> Exercise goal:
Reproduce only what runs from the line containing "Набор носков Rainbow" to the line containing "Kyoukai Senjou no" in the records below, inclusive. Keep it exact, and keep the pictures out.

> Records to use:
BEGIN

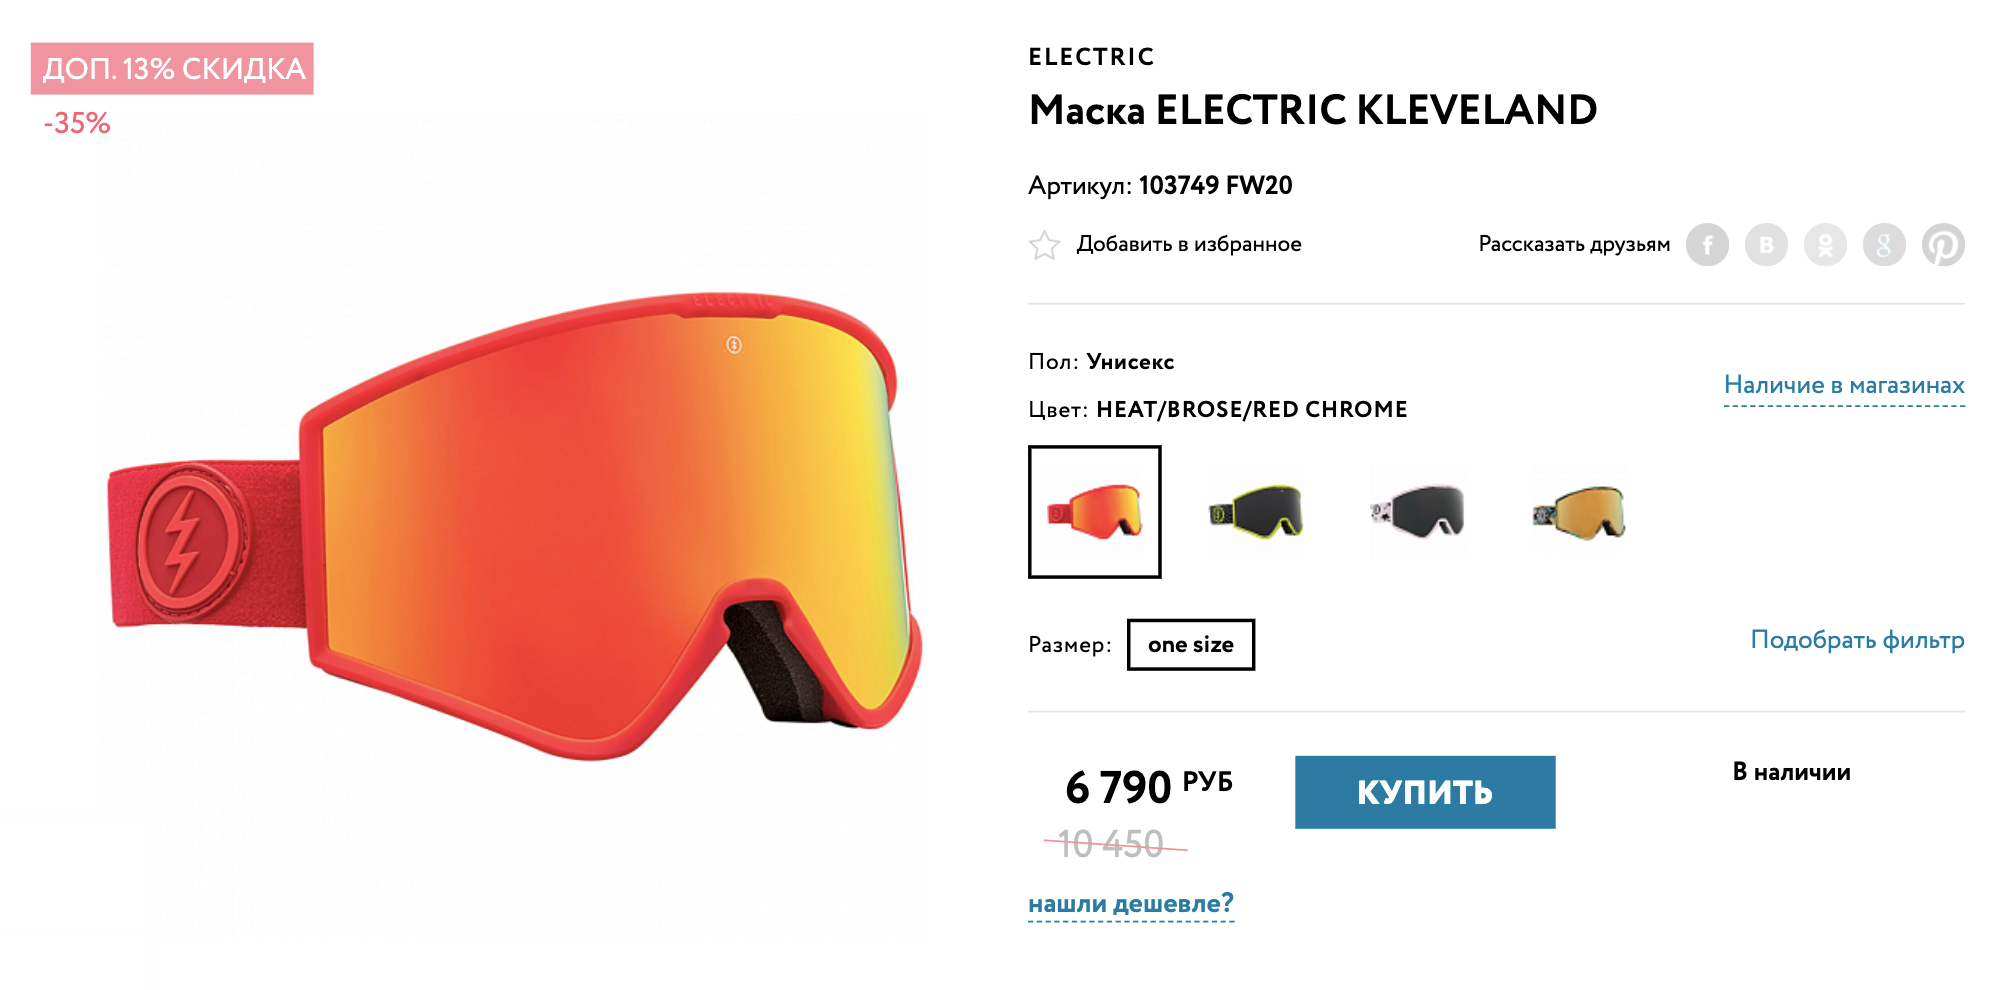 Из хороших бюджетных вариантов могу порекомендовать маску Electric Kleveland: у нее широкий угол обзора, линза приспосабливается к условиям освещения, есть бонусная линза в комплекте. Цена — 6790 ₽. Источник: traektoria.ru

END
BEGIN

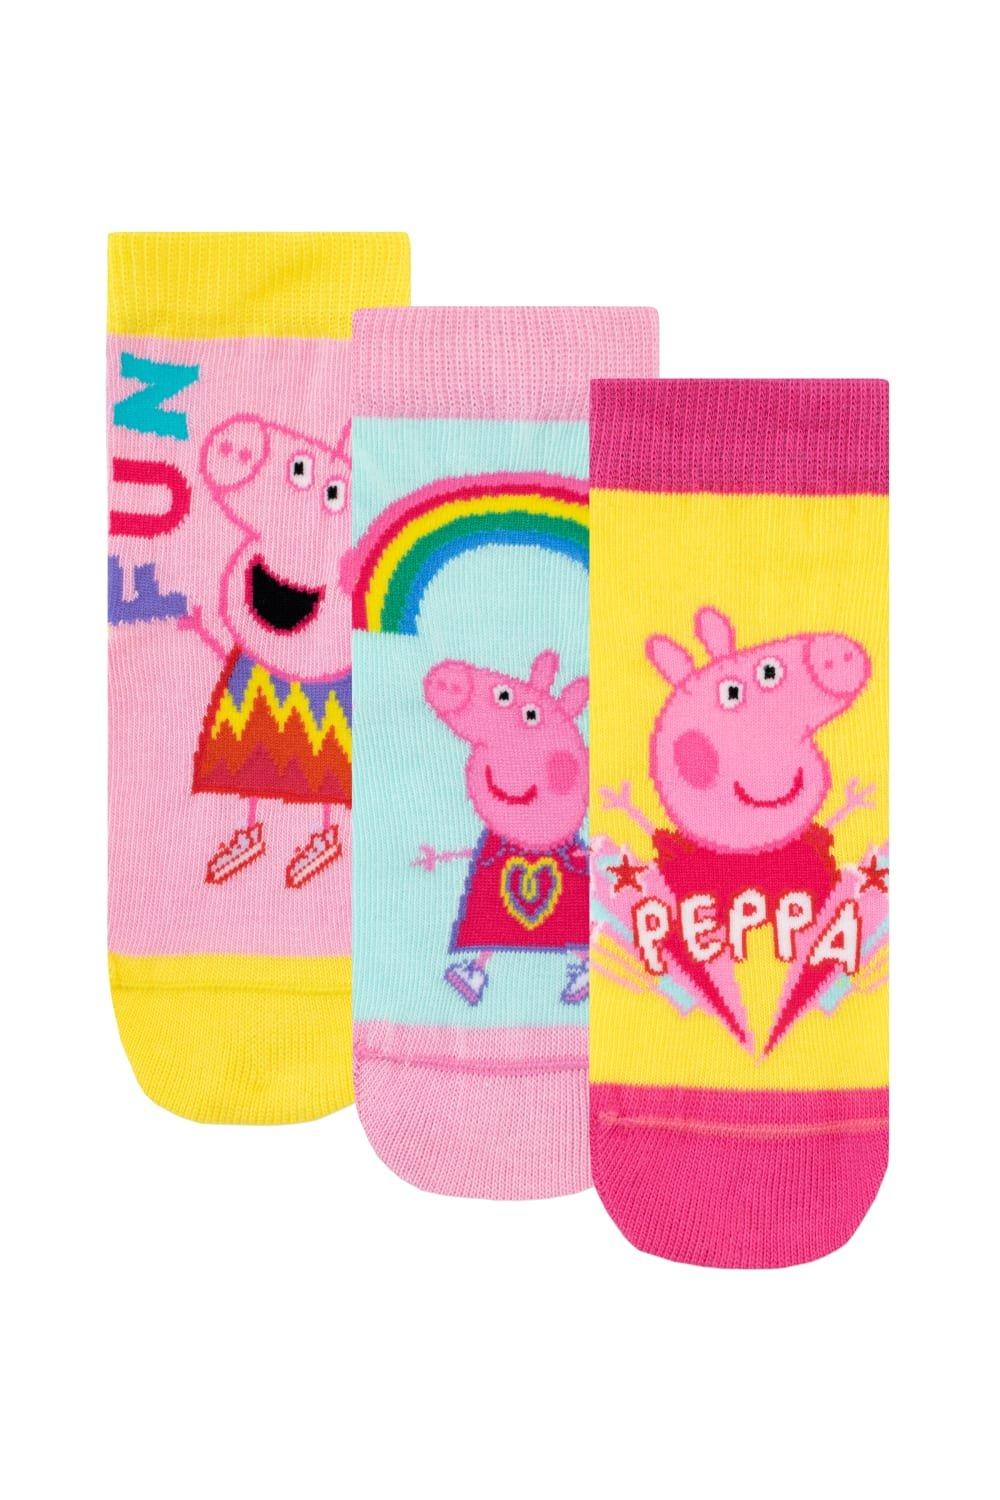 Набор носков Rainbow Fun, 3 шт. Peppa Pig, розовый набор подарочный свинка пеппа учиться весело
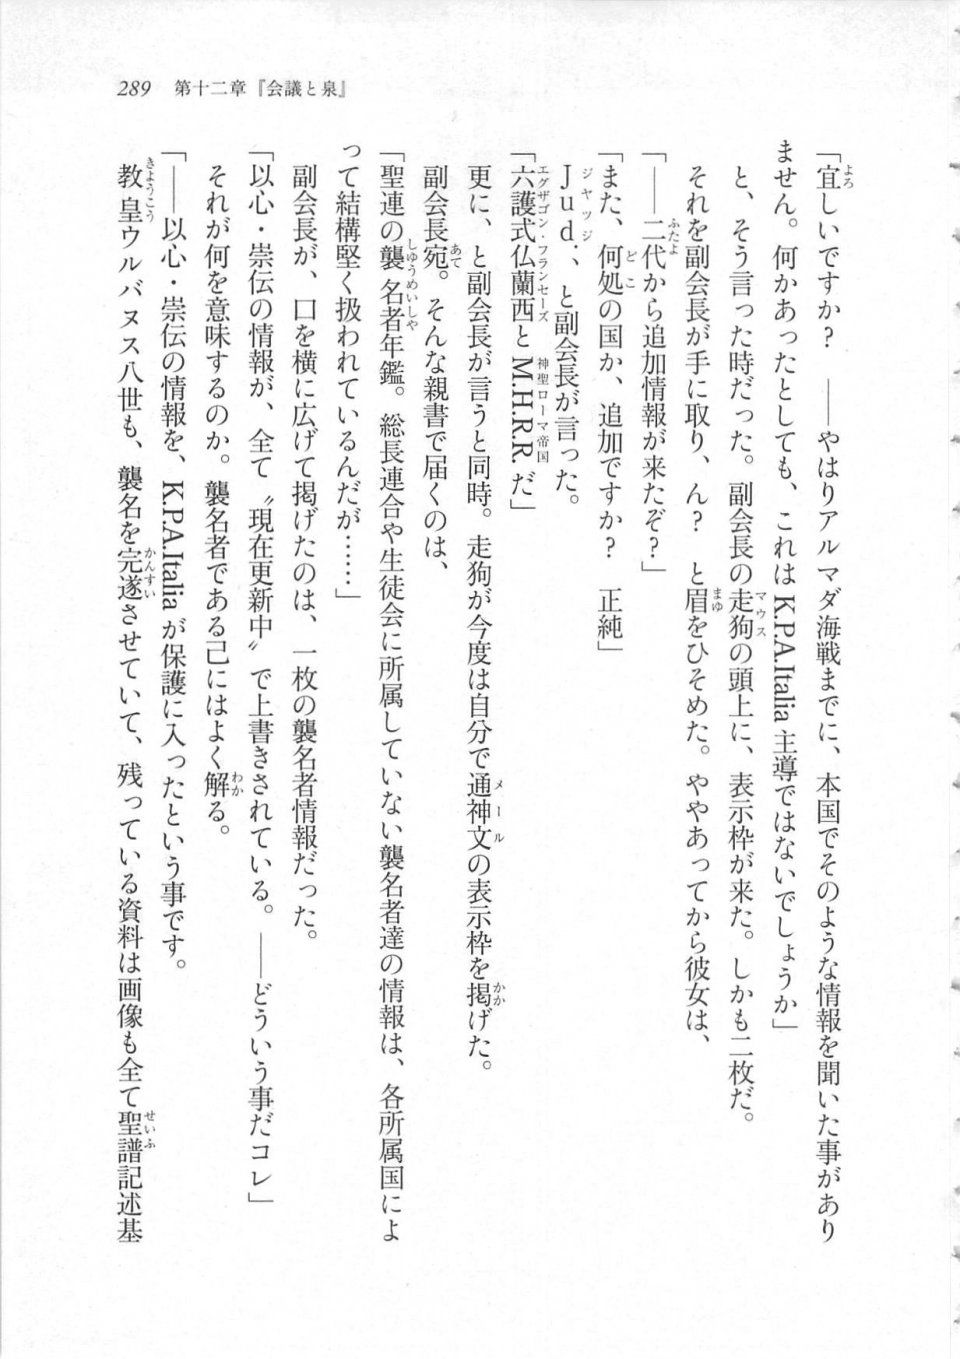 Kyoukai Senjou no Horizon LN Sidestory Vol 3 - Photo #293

END

> Result of the task:
 Набор носков Rainbow Fun, 3 шт. Peppa Pig, розовый набор подарочный свинка пеппа учиться весело
 Kyoukai Senjou no Horizon LN Sidestory Vol 3 - Photo #293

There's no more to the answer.